CDs and nephrons are of embryonically different origins. The CD is derived from iterative bifid branching of the ureteric bud (UB) arising from the caudal end of the nephric duct (Wolffian duct), while the nephrons originate from the metanephric mesenchyme. At the nephrogenic zone, which is the outer layer of metanephros directly beneath the renal capsule, the terminal tips of the UB release signals to induce the metanephric mesenchymal cells to aggregate and form a densely packed cellular cap that cover the tip. Thereafter, the cellular cap undergoes a so-called mesenchymal-epithelial transition (MET) to form the renal vesicle (RV), which is the initial stage of the nephron.

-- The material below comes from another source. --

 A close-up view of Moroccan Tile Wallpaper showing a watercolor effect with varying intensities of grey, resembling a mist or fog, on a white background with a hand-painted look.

Subsequently, the RV transforms into comma- and then S-shaped bodies by successive formation of the lower (first) and upper (second) clefts. The earliest migration of endothelial progenitor cells into the lower cleft (vascular cleft) of the S-shaped body initiate formation of glomerular capillary loops, thereby transforming the primitive nephron into a capillary-loop-stage nephron, which eventually develops into a mature nephron [8,10,11].

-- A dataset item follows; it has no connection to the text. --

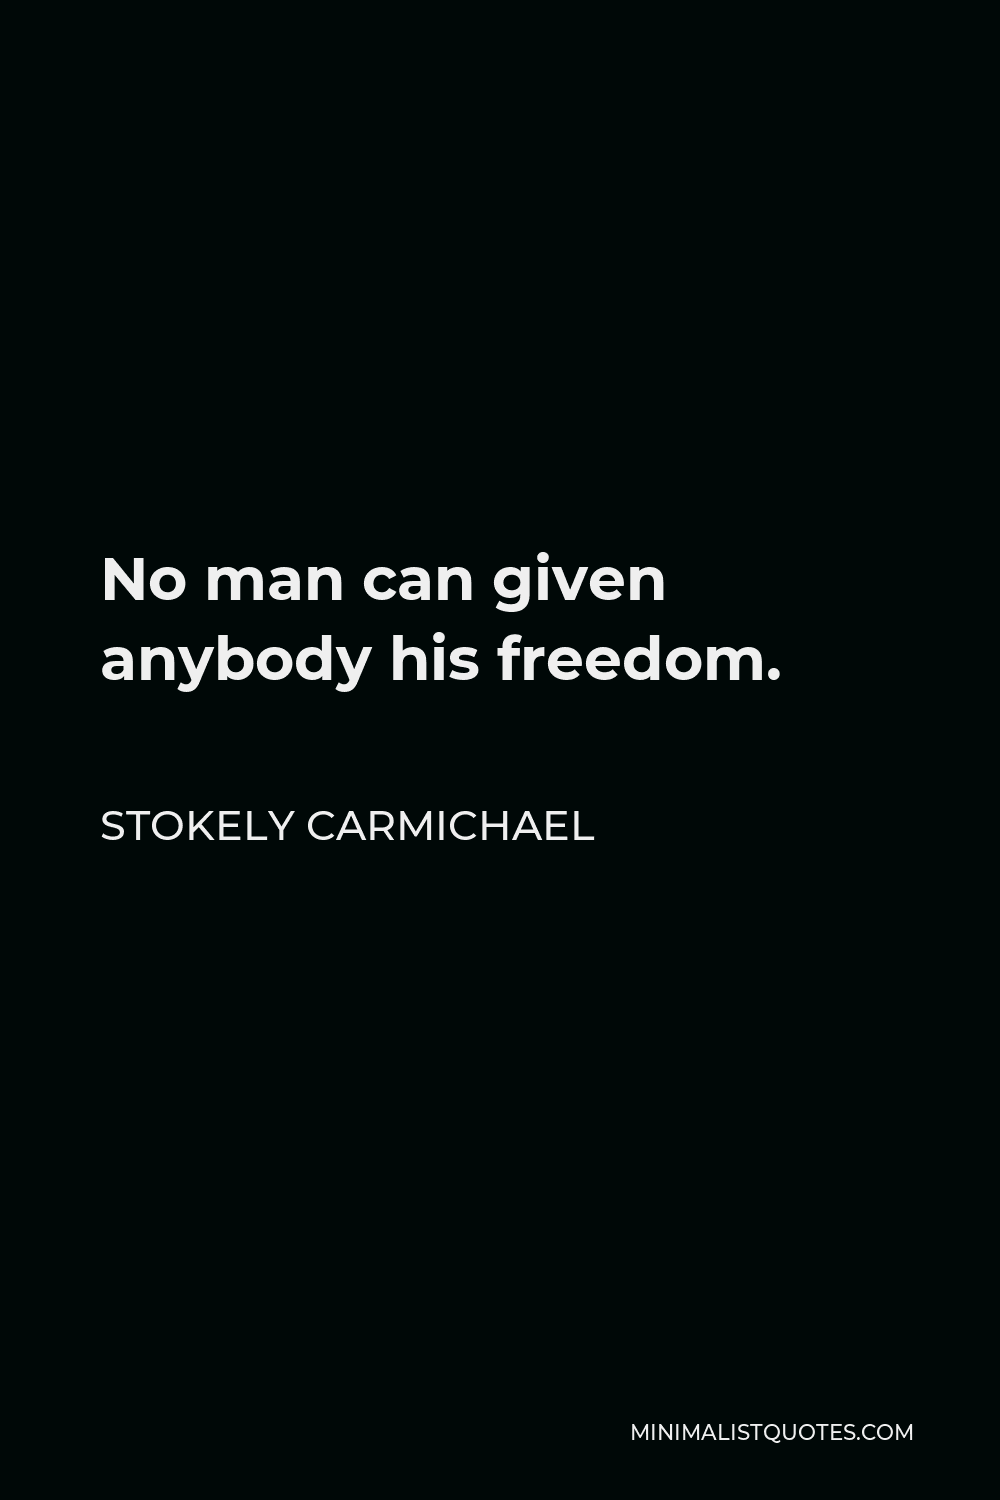 Stokely Carmichael Quote - No man can given anybody his freedom.

For nearly a decade it has been debated whether the CNT originates from the nephron or from the CD system. Due to their properties some reports that, the CNTs originate from the nephrogenic blastema, while the CDs originates from the UB [[12], [13], [14]]. Others propose that both CNTs and CDs arise from the UB [15]. Schmitt and co-workers raise a third hypothesis suggesting that the CNT develops as a product of mutual induction from adjacent segments leading to a unique hybrid epithelium [16]. Recently, both genetic and protein labeling studies have demonstrated that a group of cap mesenchyme-derived Six2 positive nephron progenitor cells form the distal RV, the precursor for the nephron. Then the initial connection protrude and further break into the lumen of the terminal UB tip, eventually leading to a lumen inside the cellular connection [17,18].

The aim of the present study was to investigate and extend the understanding of the morphogenesis of the nephron-CD connection by computer assisted tubule tracing, studies of the ultrastructure, and immunolabelling of the transporters along the connection during kidney development in mice.